**RECORDS FOR THE TASK:**

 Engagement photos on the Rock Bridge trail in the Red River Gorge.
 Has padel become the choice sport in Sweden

==

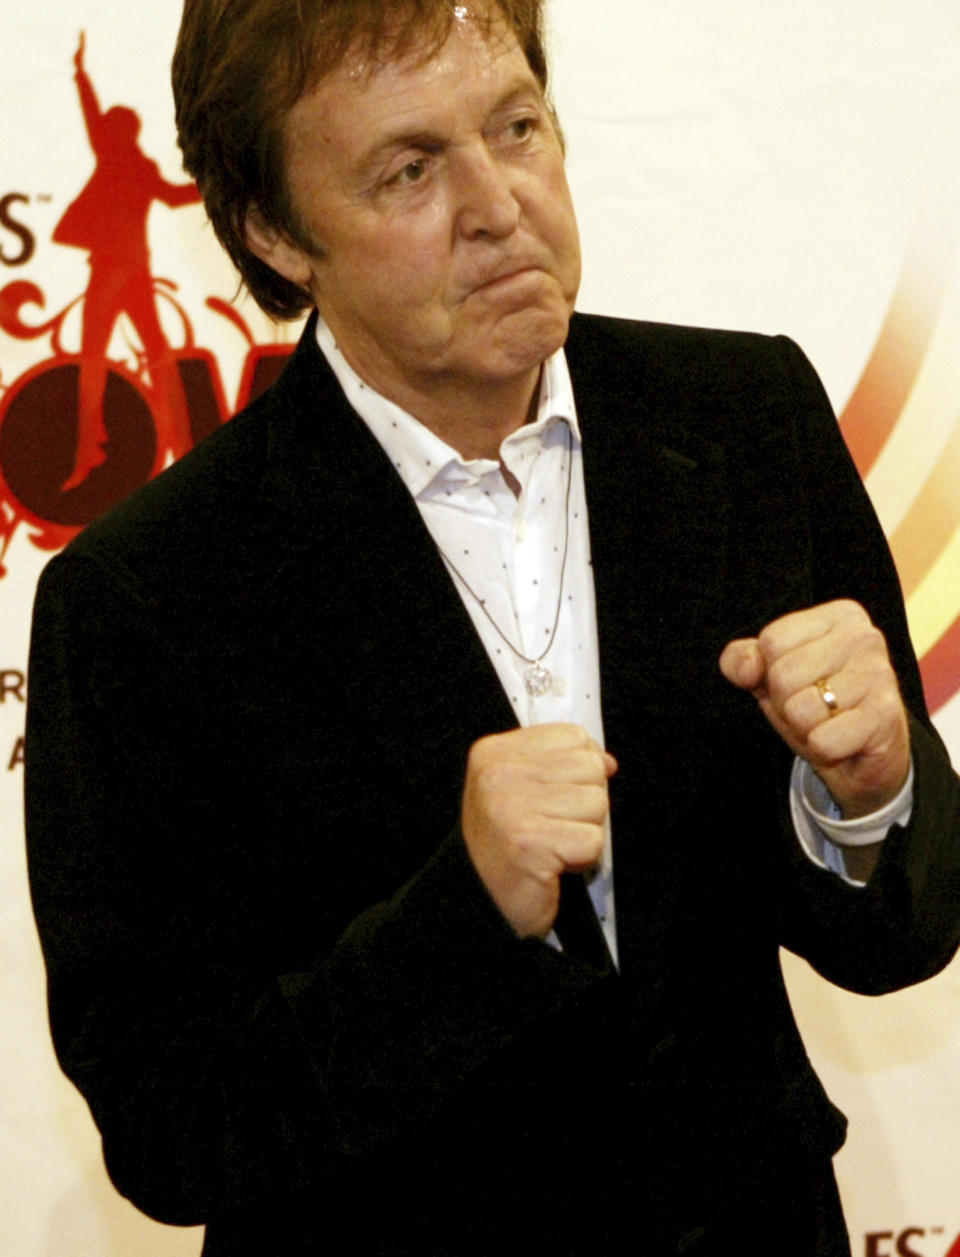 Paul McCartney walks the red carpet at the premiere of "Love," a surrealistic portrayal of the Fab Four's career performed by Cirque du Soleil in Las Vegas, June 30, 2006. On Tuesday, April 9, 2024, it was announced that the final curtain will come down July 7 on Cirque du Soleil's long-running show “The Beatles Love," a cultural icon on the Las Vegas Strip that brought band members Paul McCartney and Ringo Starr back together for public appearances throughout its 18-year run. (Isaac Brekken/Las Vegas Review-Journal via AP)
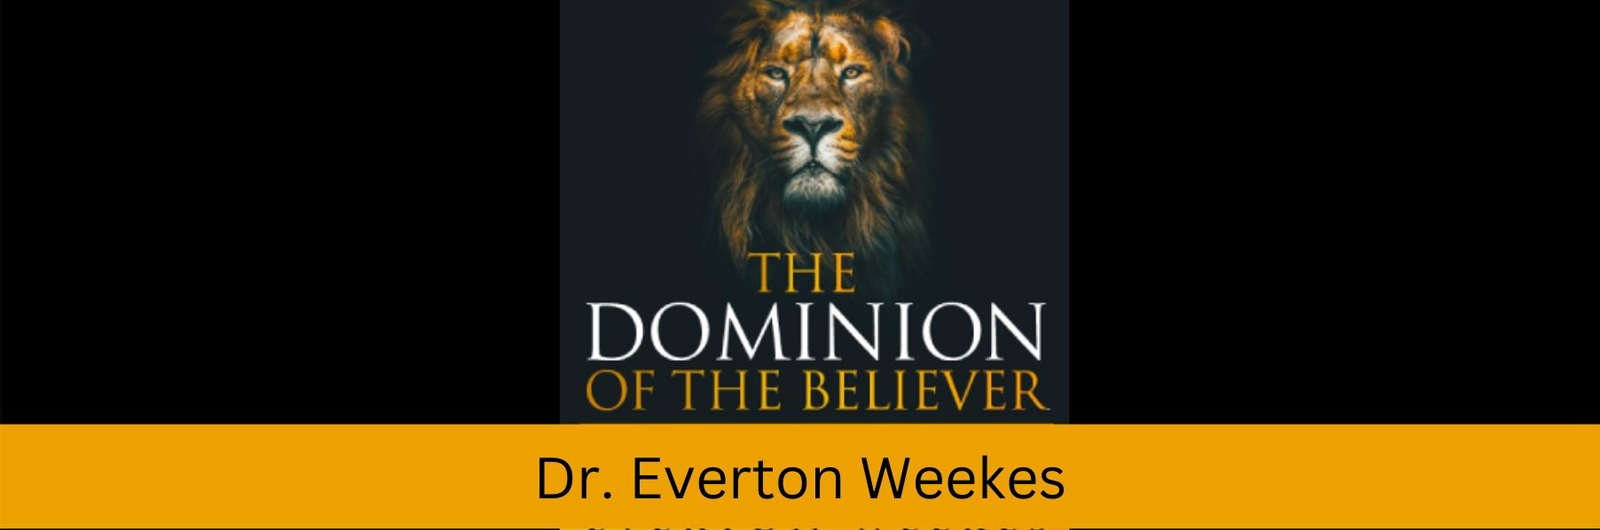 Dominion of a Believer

---

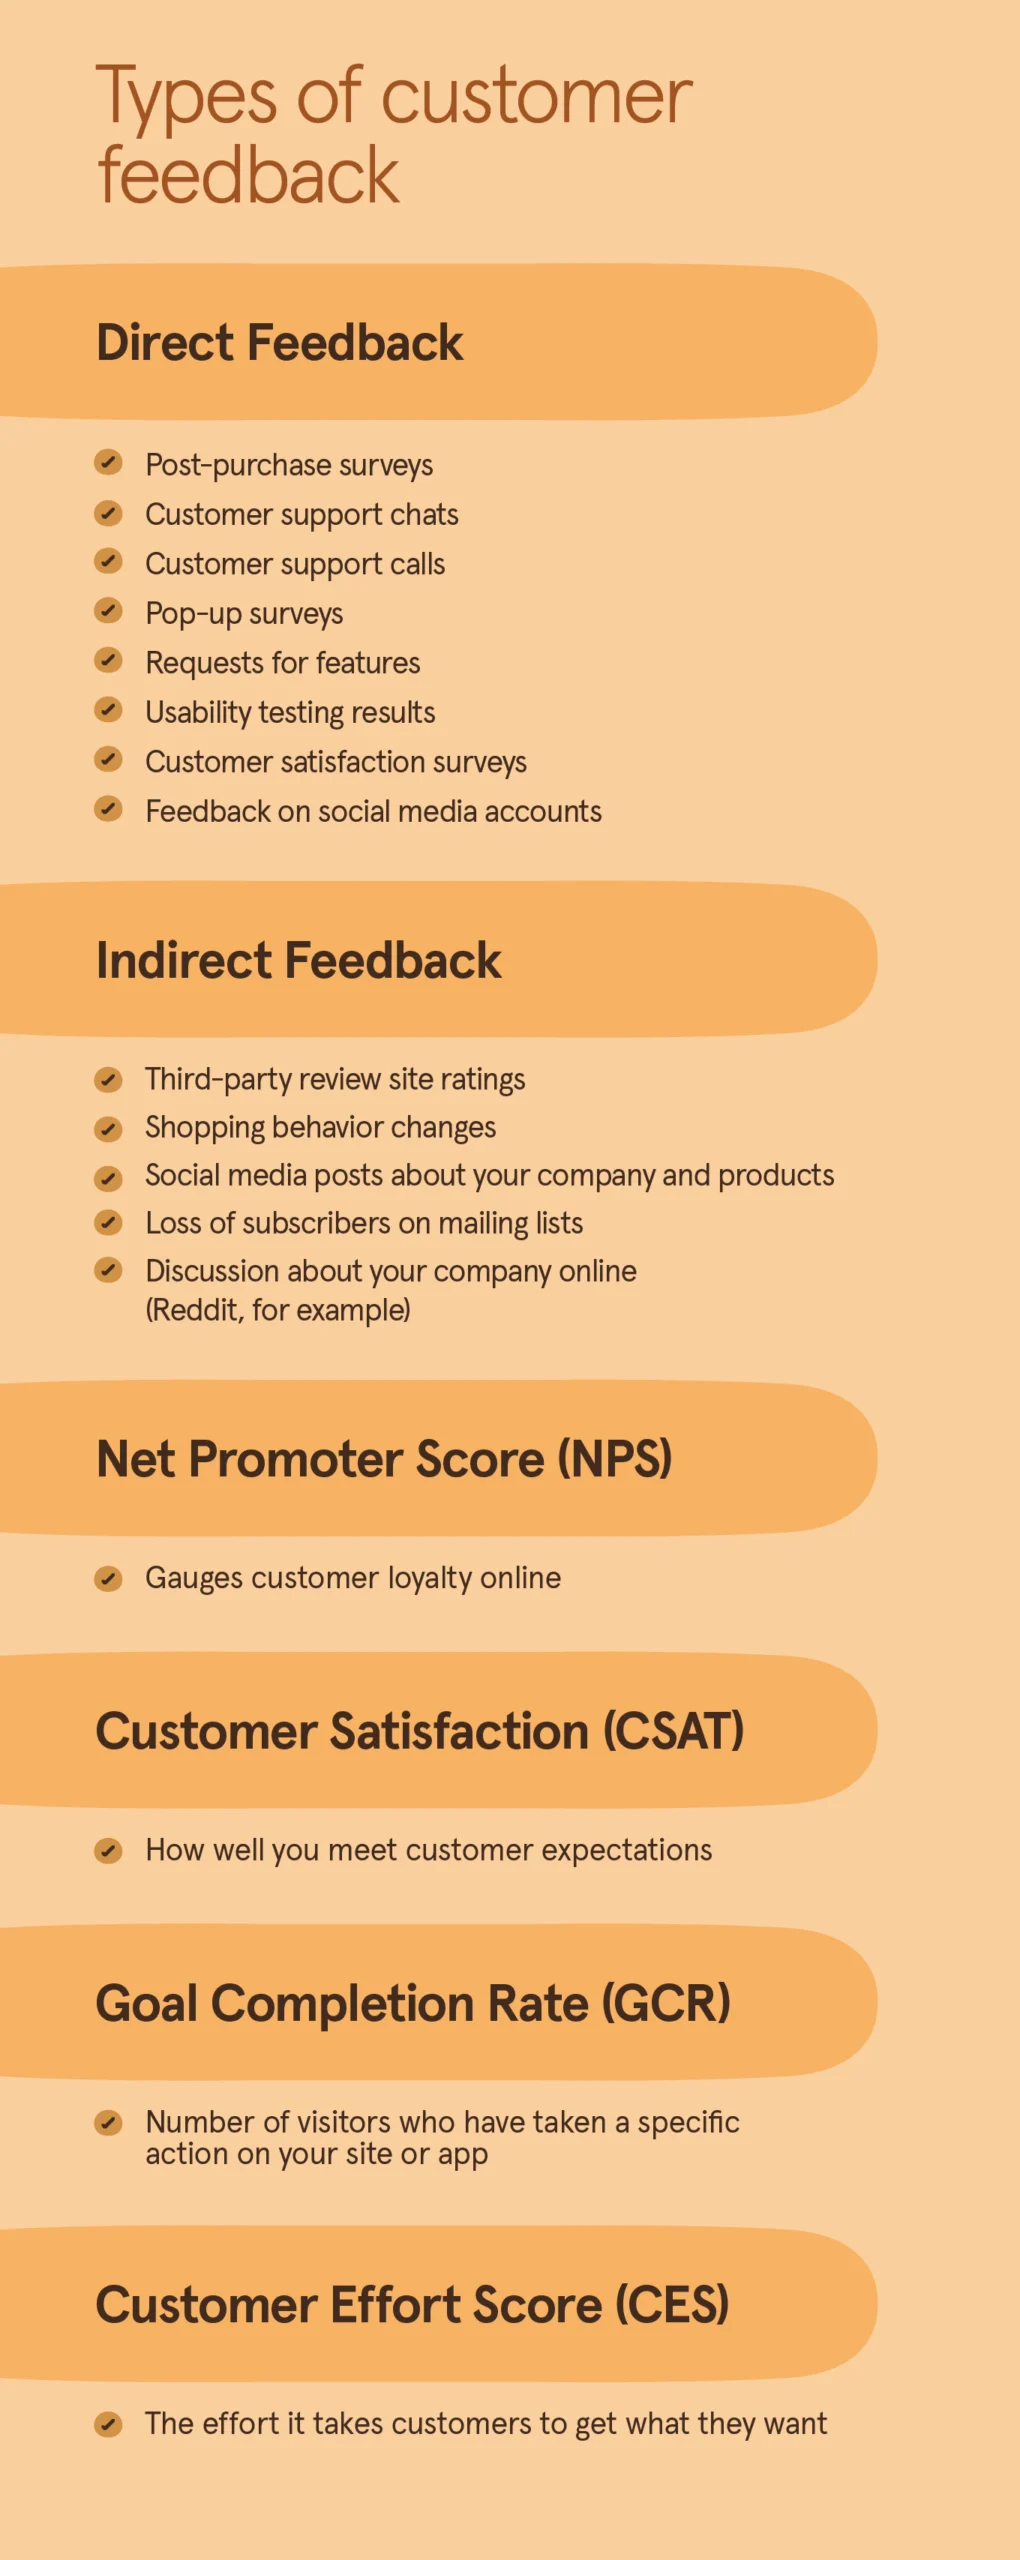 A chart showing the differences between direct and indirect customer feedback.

**WORK INSTRUCTIONS:**
Once the line with "Engagement photos on" is found in the records above, print exactly that line and every line after it through the line with "Has padel become the choice sport in Sweden".

**OUTPUT FOR THIS EXERCISE:**
 Engagement photos on the Rock Bridge trail in the Red River Gorge.
 Has padel become the choice sport in Sweden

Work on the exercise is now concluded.